Шилов, который устал удивляться, только кивнул.
Они подошли к кабинке проводника и увидели его, долговязого мужчину с блестевшим от пота лицом, одетого в костюм, на котором тут и там темнели влажные пятна. Воротничок был грязен, на пиджаке не хватало пуговиц, черная бабочка висела криво. Он сидел посреди коридора на колченогом табурете, перед ним стоял перевернутый ящик, от которого воняло подгнившим луком, а против проводника восседал желтокожий мужчина лет под сорок в коричневом костюмчике, в очках с толстыми линзами. Они резались в карты и, кажется, забыли обо всем на свете, следя только за кусочками картона, которыми засыпали ящик, изредка перемежая действо торжествующими восклицаниями вроде: «А вот так, тузиком!» или «Так, значит, валетиком?»
– Мистер Миррер? – громко позвал Дух. Шилов с тревогой глядел на брата: брат побледнел и стоял, прислонившись к стене, стараясь не наступать на больную ногу.
– Да, – буркнул проводник, не поднимая глаз.
– Нас послал к вам проводник из девятнадцатого вагона, – сказал Шилов. – С ним случилась беда.
– Беда? С этим, мать его, христианином? А вот так мы вас, семерочкой козырной!…
– Да, беда. Он потерял сознание, потому что якобы видел чужака, и теперь он лежит полностью неподвижный, а нам нужен туалет, чай, свежие простыни… ну и все такое. К тому же ему, наверное, надо вызвать врача, а мы не знаем – как.
– Врача? Этому католику? Так, значит, на погончики, на погончики?! А если червой мы, червой?
– Врача, – терпеливо повторил Шилов, и стал ждать, но как только он замолчал, проводник, кажется, совсем забыл о них и с утроенным усердием раскидывал карты, и с учетверенным блеском в глазах выкрикивал «А вот так!», а желтолицый его соперник говорил невыразительным голосом: «Так, значит?» и бил карту Миррера своей.
– Ну ладно… – сказал Дух, качнулся к Мирреру, схватил его за грудки и поднял смешно болтающего ногами проводника над полом и прижал его к стене. Молчал, наблюдая за потухающими глазами проводника. Шилов видел, как капли пота катятся по лбу брата, понимал, что ему очень больно вот так держать на весу проводника-картежника. Шилов хотел помочь, но, зная характер брата, не решился.
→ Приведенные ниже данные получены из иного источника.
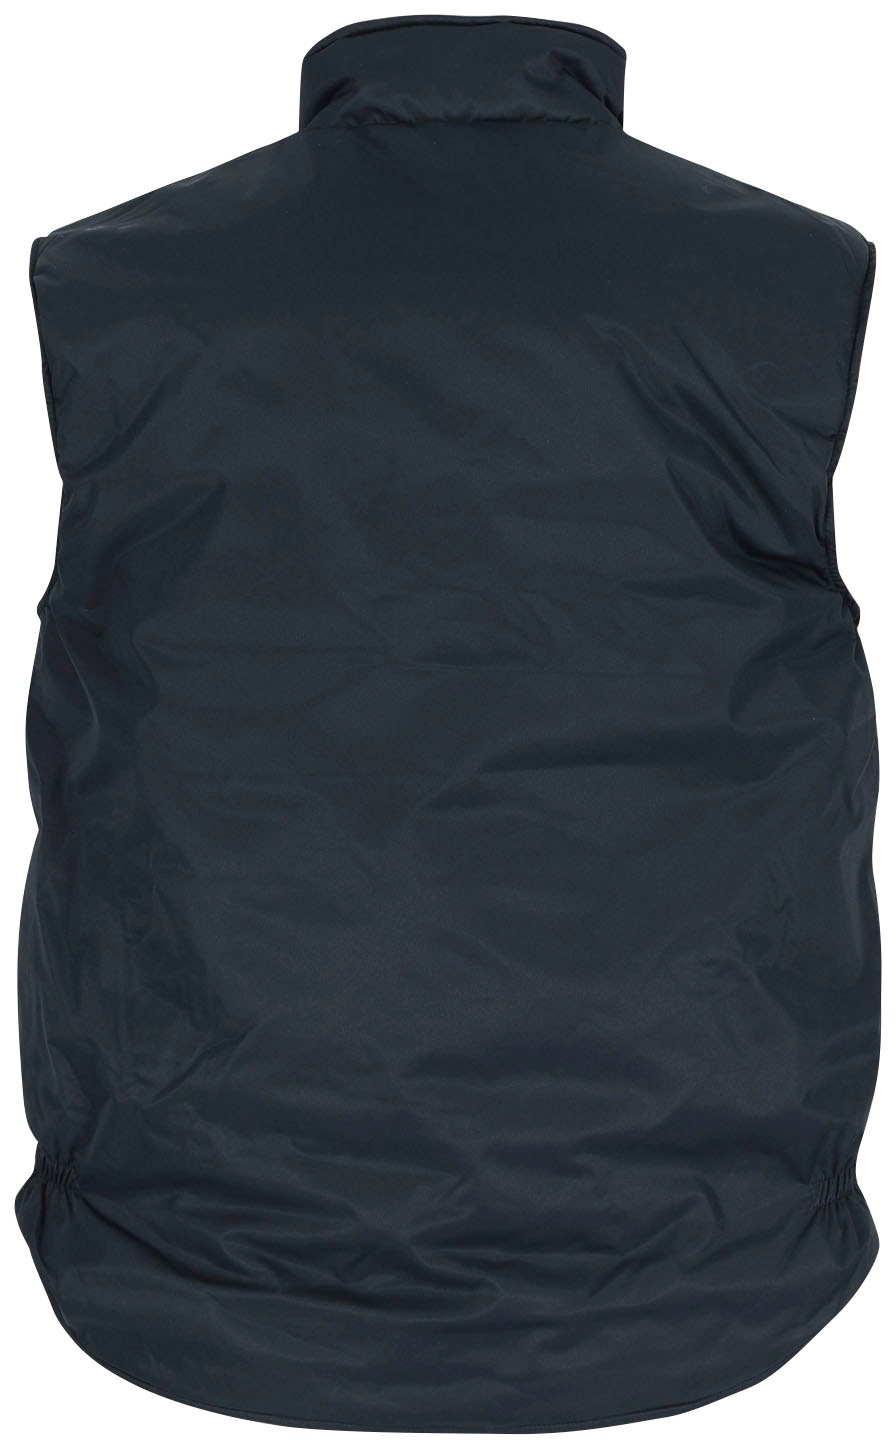 in 5 »Neptune Taschen kaufen elastisch Achsel, der Sweatweste Body-Warmer«, Rückenlänge, Wasserabweisend, lange Herock

– Так ты скажешь, что нам теперь делать? – спросил Дух. – Поможешь нам, ептить?
– Сказать могу… – спокойно ответил Миррер. – А помочь – нет. Как видите, я сам в коридоре сижу, а дверь в мою кабинку, где находятся ключи, заперта. А главного ключа, золотого, от этой кабинки, у меня нет. Его похитили.
– Кто?
– Человек, который проходил здесь совсем недавно. Он выхватил ключ у меня из рук и побежал дальше, в пятнадцатый вагон, я погнался за ним, и даже успел забежать в пятнадцатый, но там его не было. Он как сквозь землю провалился, этот человек…
– Что за человек?
– Он кричал: «Меня зовут Вернон», когда убегал, – сказал, улыбнувшись, проводник. – Это все, что я знаю. Верните меня, пожалуйста, на место.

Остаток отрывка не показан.